The same thing that happens when 1+1 == 3, or when a task tries to write to memory that it doesn't have permissions for. The static analysis that your system relies on for correct behavior is no longer valid, so a hardware belt-and-suspender mechanism (a schedule overrun timer interrupt, a lockstep core check failure, or an MPU fault, respectively) resets or otherwise safe-states the failed ECU and safety is assured higher up in the system analysis.

>> Executor runs tasklets, [...] that execute a processing step in a finite amount of time.

> lack of preemption seems hard to reconcile with real time guarantees?

Depends on the requirements and the bounds of the finite time allowed and the enforcement of it. For example, Erlang claims to be soft real-time; it doesn't have preemption, but any function call can result in yielding, and as a functional language there are no loops without calling functions.

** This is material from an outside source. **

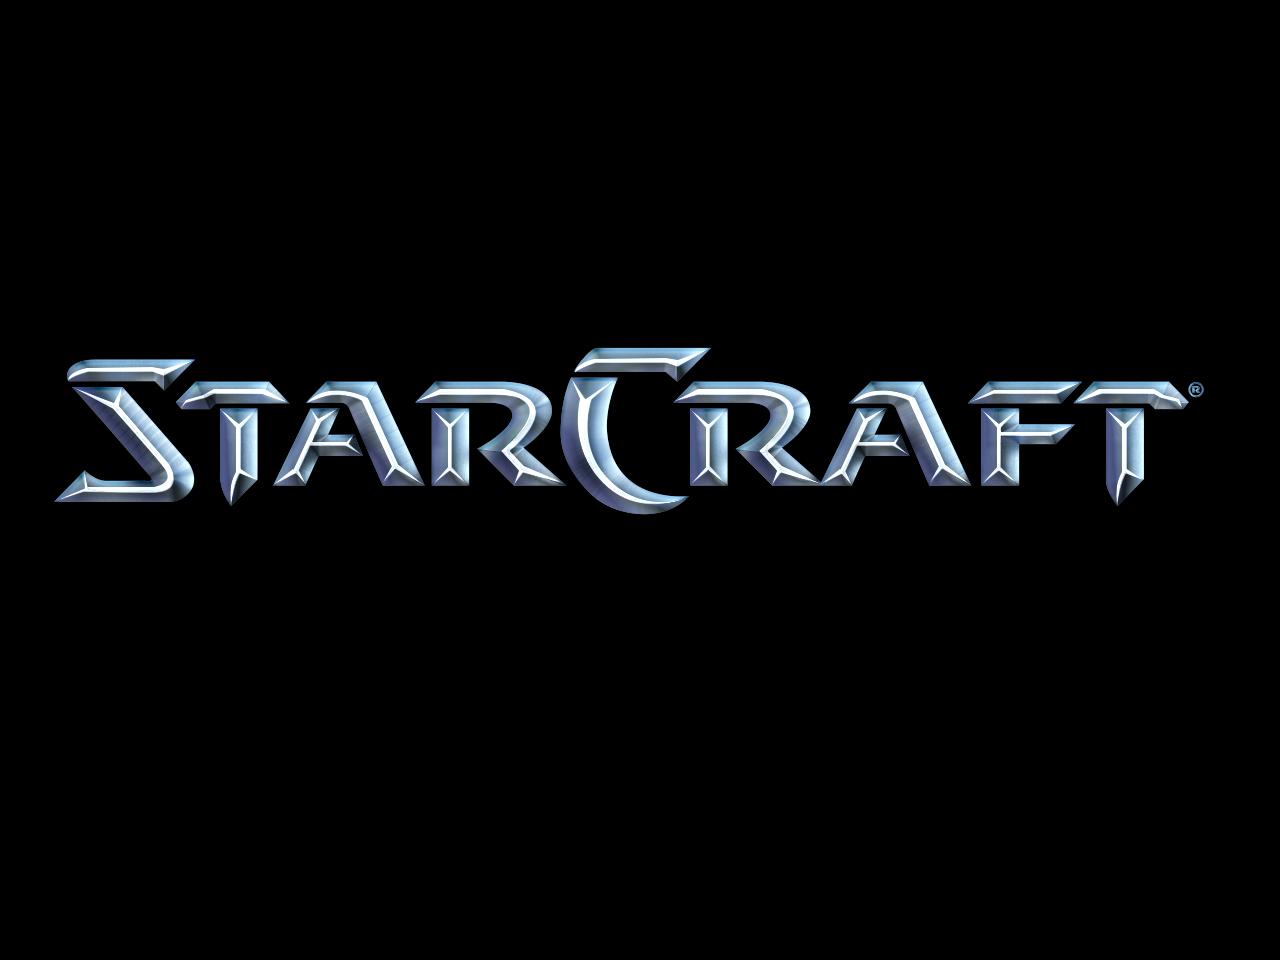 Warcraft Movie Logo Revealed Warcraft Movie Starcraft Logo Reveal

And that works because it is a VM that is executing the instructions. The higher level of the VM can switch threads at will. The measure used is the number of reductions, once a set limit is used or something more urgent crops up a context switch will occur. This functionally indistinguishable from a hardware interrupt for the task that was executing but because it is all done in software you don't actually have that interrupt. It's more as though every reduction has the potential to interrupt a task just like you can expect an interrupt everywhere in a regular stream of machine code for some processor.

The nice benefit of the Erlang method is that you can graft this onto a user process without a need for special privilege or exception handling, nothing ever really has to deal with interrupts or the messy aftermath of it, it's much cleaner than an interrupt driven system.